47. Paleobotani - Ilmu yang mempelajari tentang tumbuhan di masa lampau.
48. Phanerogamae - Ilmu yang mempelajari tentang tumbuhan tinggi.
49. Phylogeni - Ilmu yang mempelajari tentang perkembangan makhluk hidup dari bentuk tidak sempurna sampai sempurna.
50. Protozoologi - Ilmu yang mempelajari tentang protozoa.
51. Pteridologi - Ilmu yang mempelajari tentang paku – pakuan.
52. Primatologi - Ilmu yang mempelajari tentang primata.
53. Psikologi - Ilmu yang mempelajari tentang kejiwaan manusia.
54. Pulmonologi - Ilmu yang mempelajari tentang paru-paru.
55. Paleozoologi - Ilmu yang mempelajari tentang hewan purba.
56. Rodentiologi - Ilmu yang mempelajari tentang rodentia.
57. Radiologi - Ilmu untuk melihat bagian dalam tubuh manusia menggunakan pancaran atau radiasi gelombang, baik gelombang elektromagnetik maupun gelombang mekanik.
58. Sitologi - Ilmu biologi yang mempelajari tentang susunan serta fungsi bagian-bagian yang ada pada sel makhluk hidup.
59. Sanitasi - Ilmu yang mempelajari tentang pengelolaan kesehatan melalui kebersihan lingkungan.
60. Serologi - Ilmu yang mempelajari tentang serum.
61. Teratologi - Ilmu yang mempelajari kelainan atau cacat embrio dalam masa kandungan.
62. Taksonomi - Ilmu yang mempelajari tentang pengelompokan makhluk hidup.

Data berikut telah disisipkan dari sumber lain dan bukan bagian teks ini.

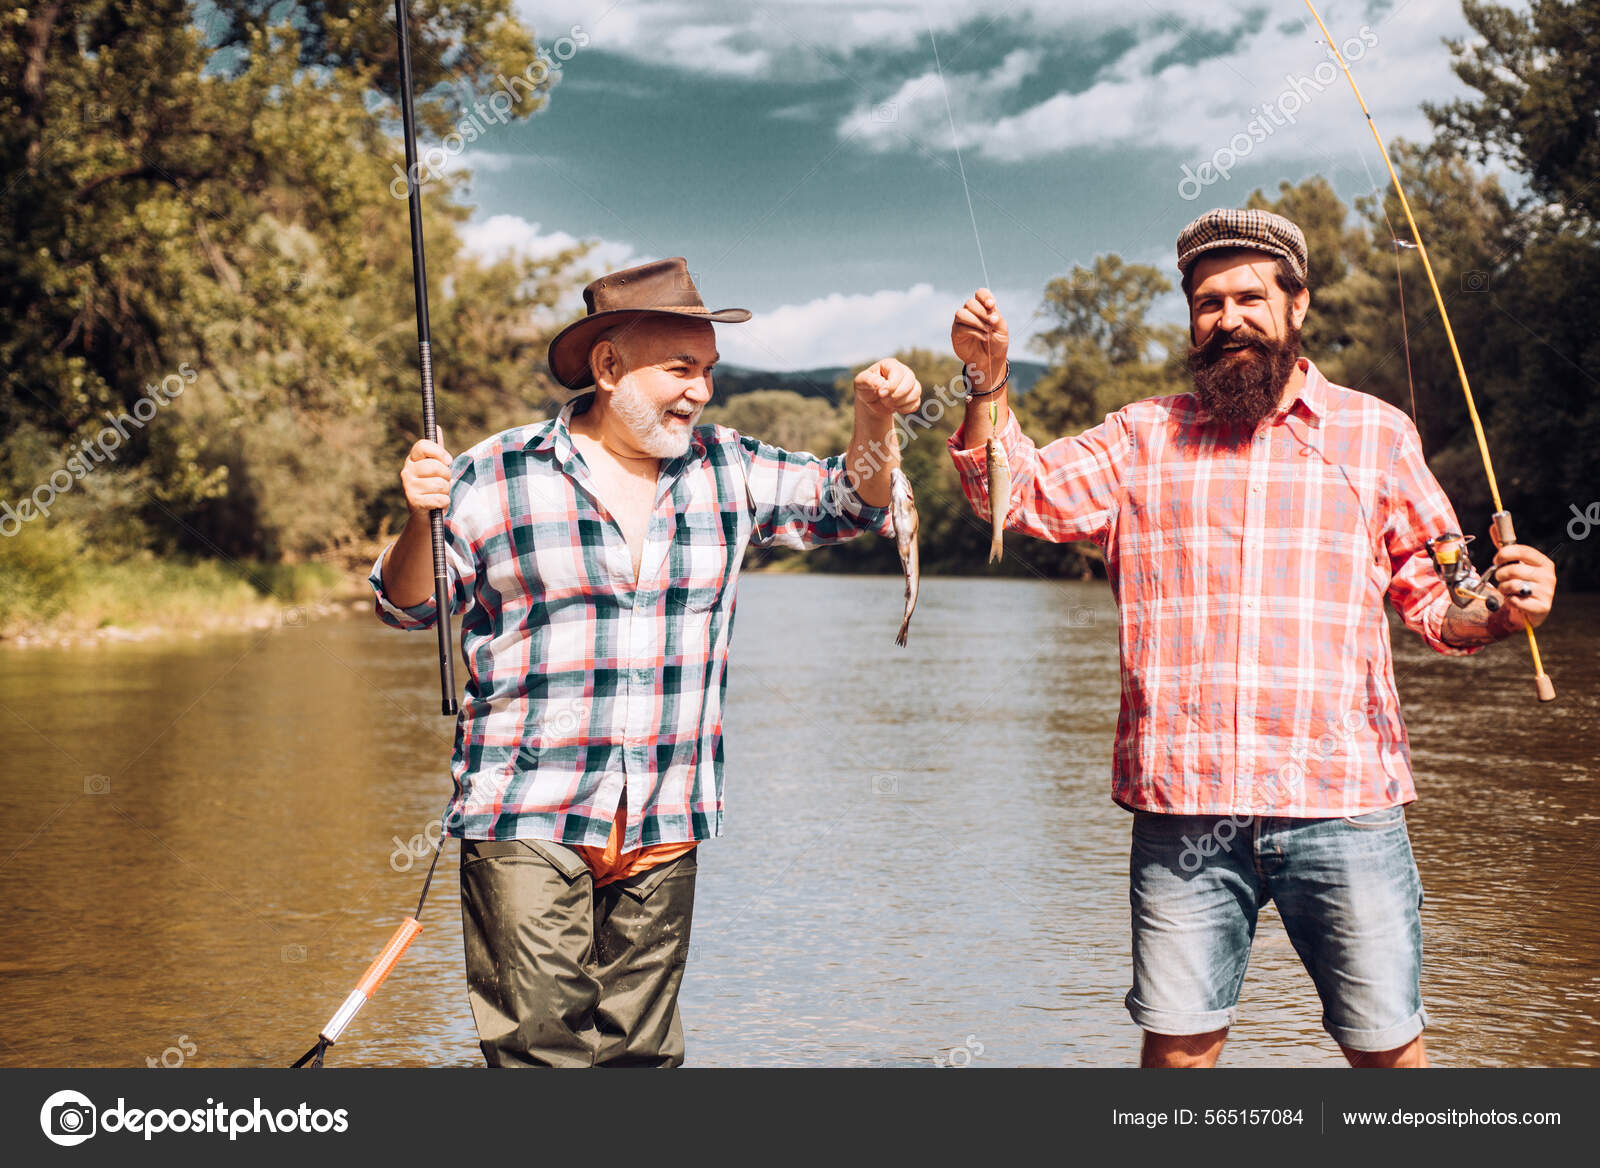 https://st.depositphotos.com/3584053/56515/i/1600/depositphotos_565157084-stock-photo-two-men-friends-fisherman-fishing.jpg

63. Toksikologi – Ilmu yang mempelajari tentang racun di lingkungan.
64. Urologi - Ilmu yang mempelajari tentang system pengeluaran pada tubuh berupa kemih.
65. Virologi - Ilmu biologi yang mempelajari tentang virus baik pengaruh terhadap makhluk hidup lainnya maupun kehidupannya.
66. Zoologi - Ilmu yang mempelajari tentang hewan serta kehidupannya.